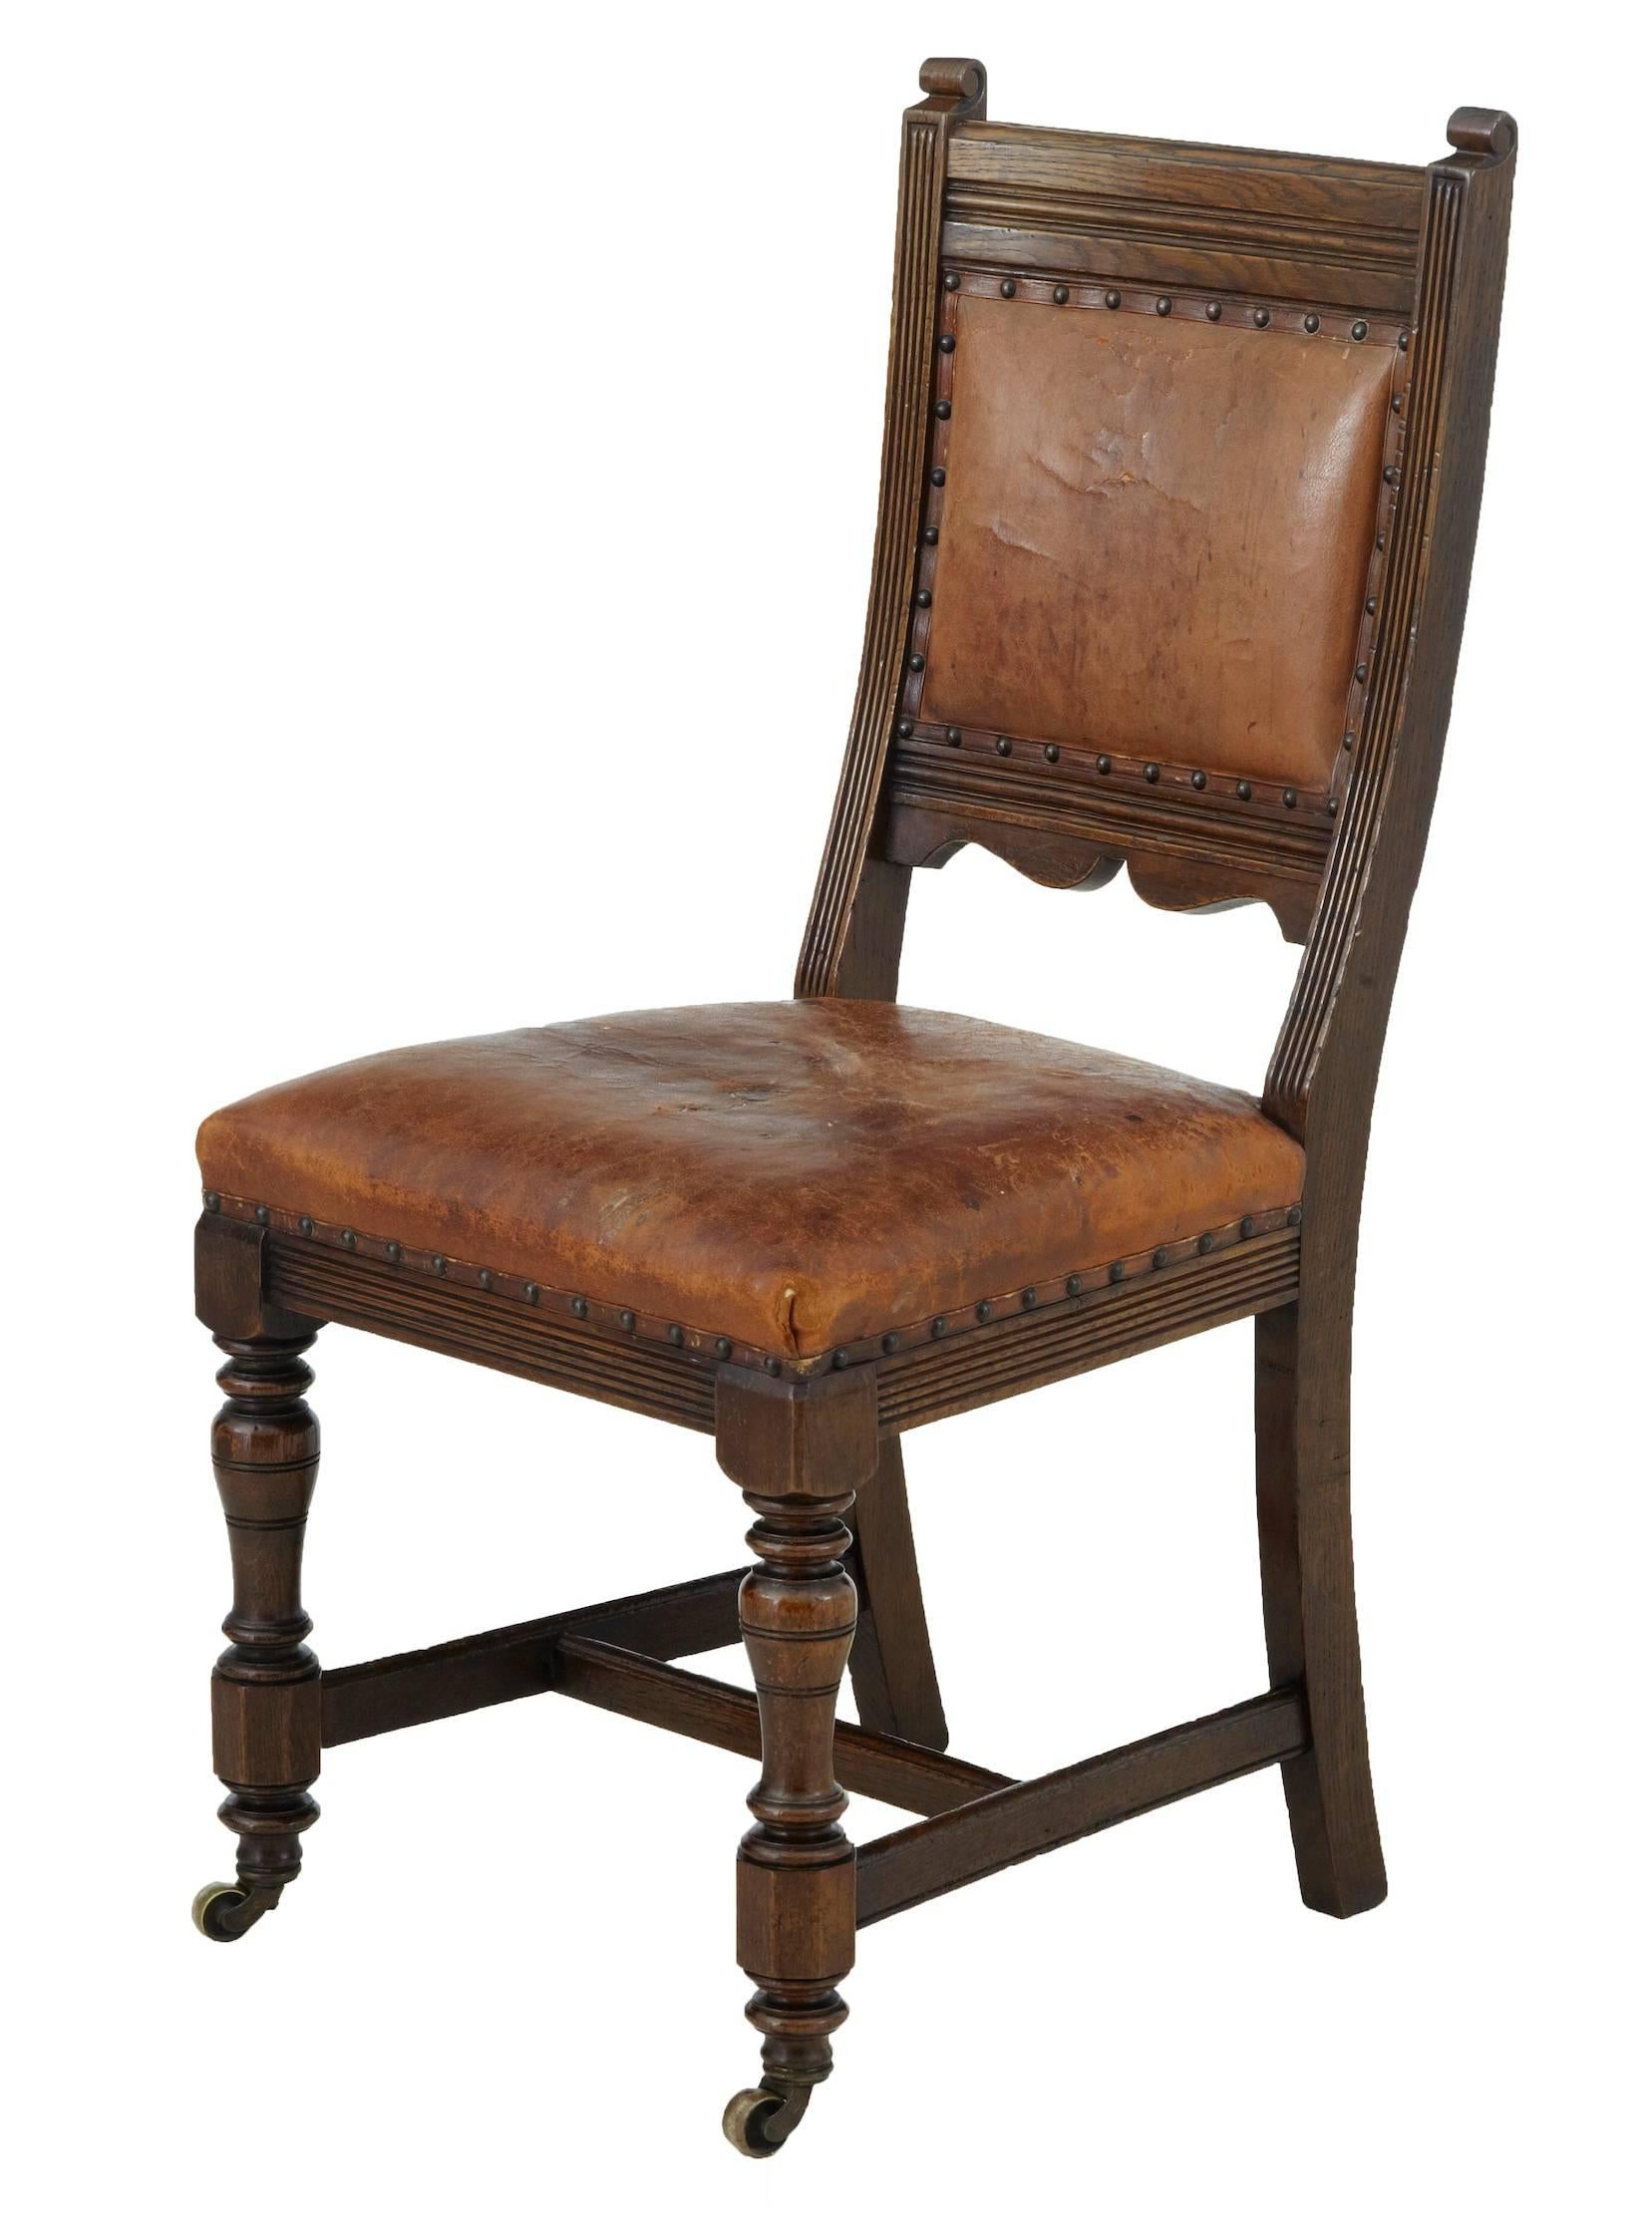 Good quality set of oak dining chairs in the manner of lambs of Manchester, circa 1890.
Turned front legs on brass castors. Fluted below the seat and on the backrest.
Good color and patina.
Original leather covering on the seats and backrest,
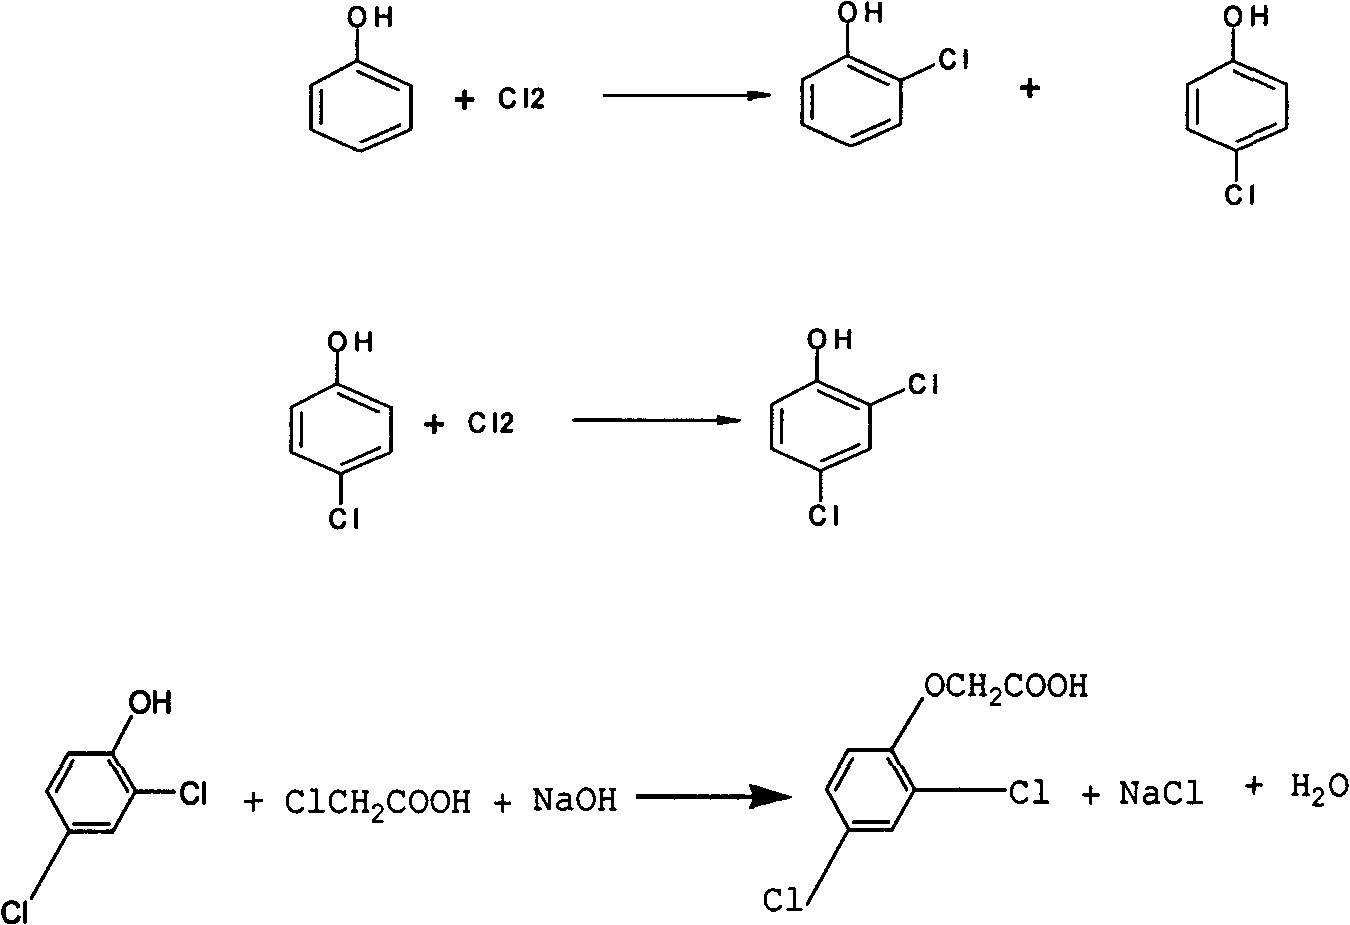 Process for preparing 2,4-dichlorphenoxyacetic acid with high quality

● ● ● ●

Transcribe exactly the lines from the one containing "Good color and patina." through the last line of the records above, and nothing else. Leave out the pictures.

Good color and patina.
Original leather covering on the seats and backrest,
 Process for preparing 2,4-dichlorphenoxyacetic acid with high quality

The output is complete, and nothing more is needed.